#### [EXERCISE PROMPT]
Write out the data that follows exactly, keeping every picture out.

#### [GIVEN INFORMATION]
▬▬▬▬▬▬

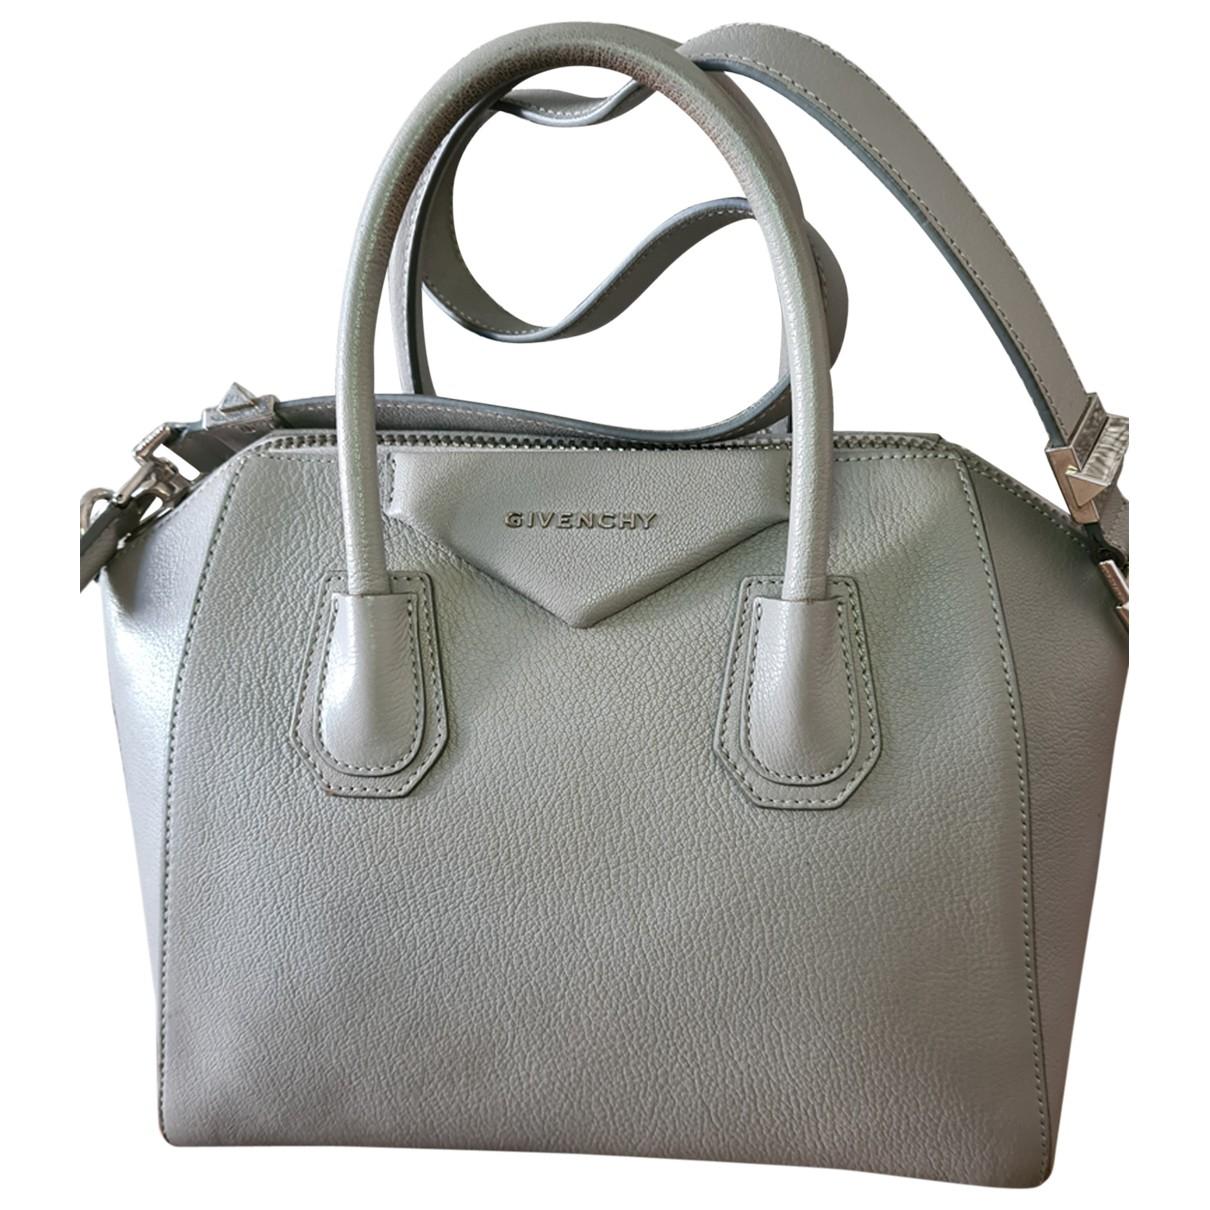 Givenchy - Sac a main Antigona pour femme en cuir - gris
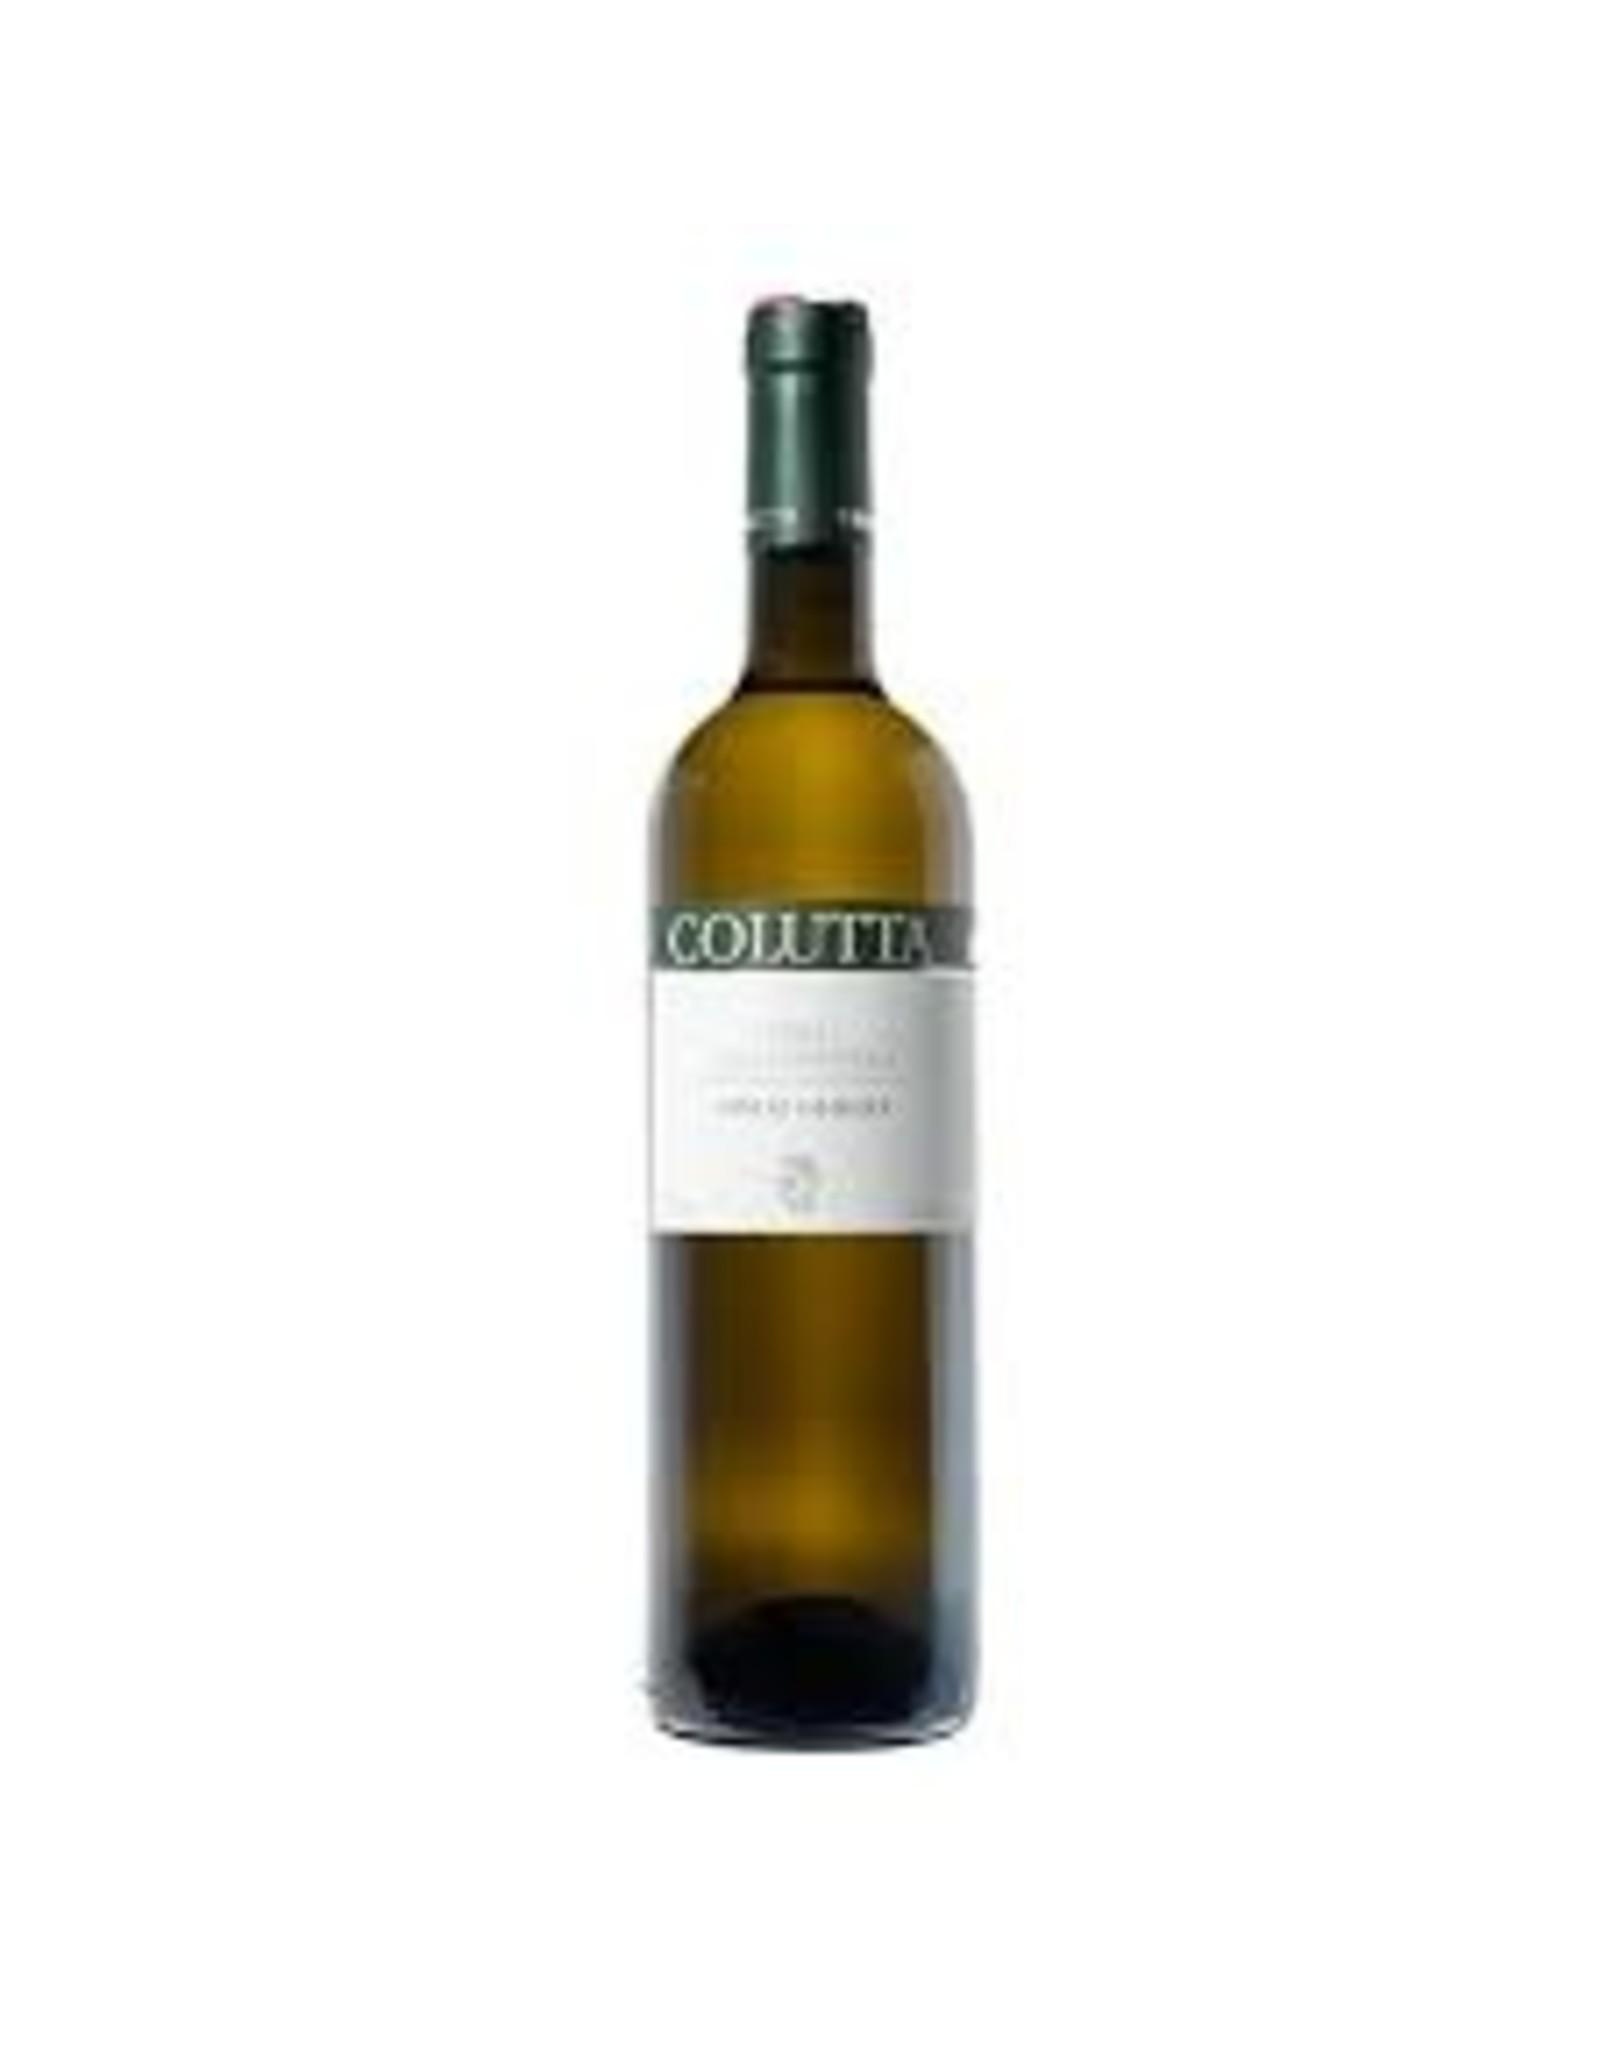 Colutta Pinot Grigio
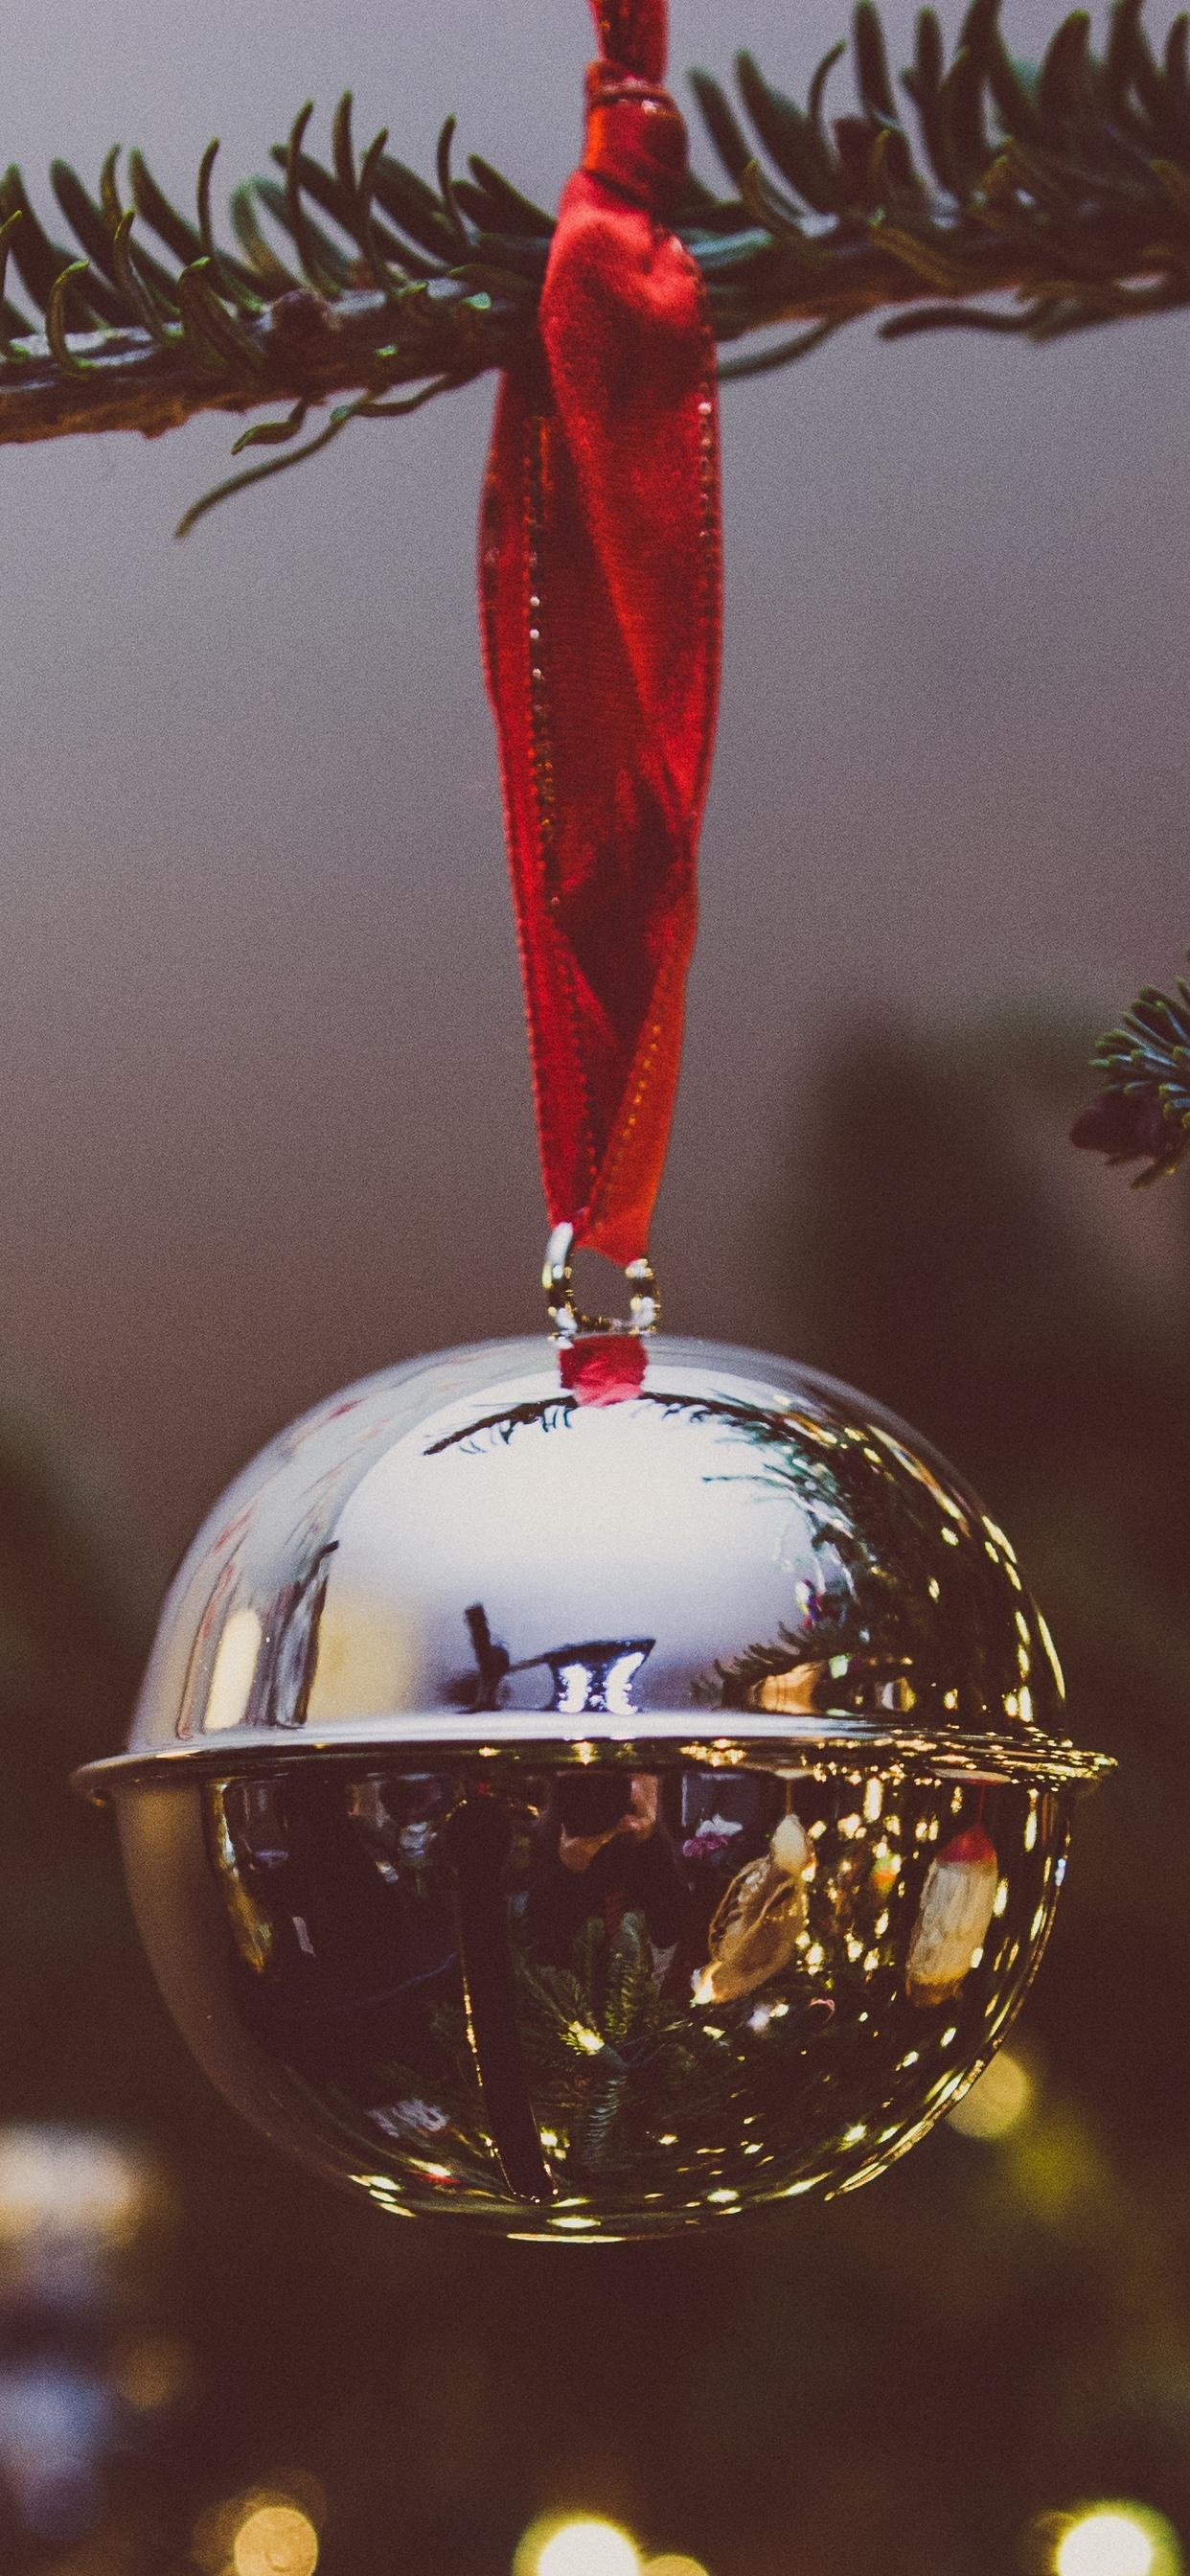 erin-walker-unsplash-christmas-silver-bell-iphone-wallpaper

▬▬▬▬▬▬

#### [RESULT FOR THIS TASK]
 Givenchy - Sac a main Antigona pour femme en cuir - gris
 Colutta Pinot Grigio
 erin-walker-unsplash-christmas-silver-bell-iphone-wallpaper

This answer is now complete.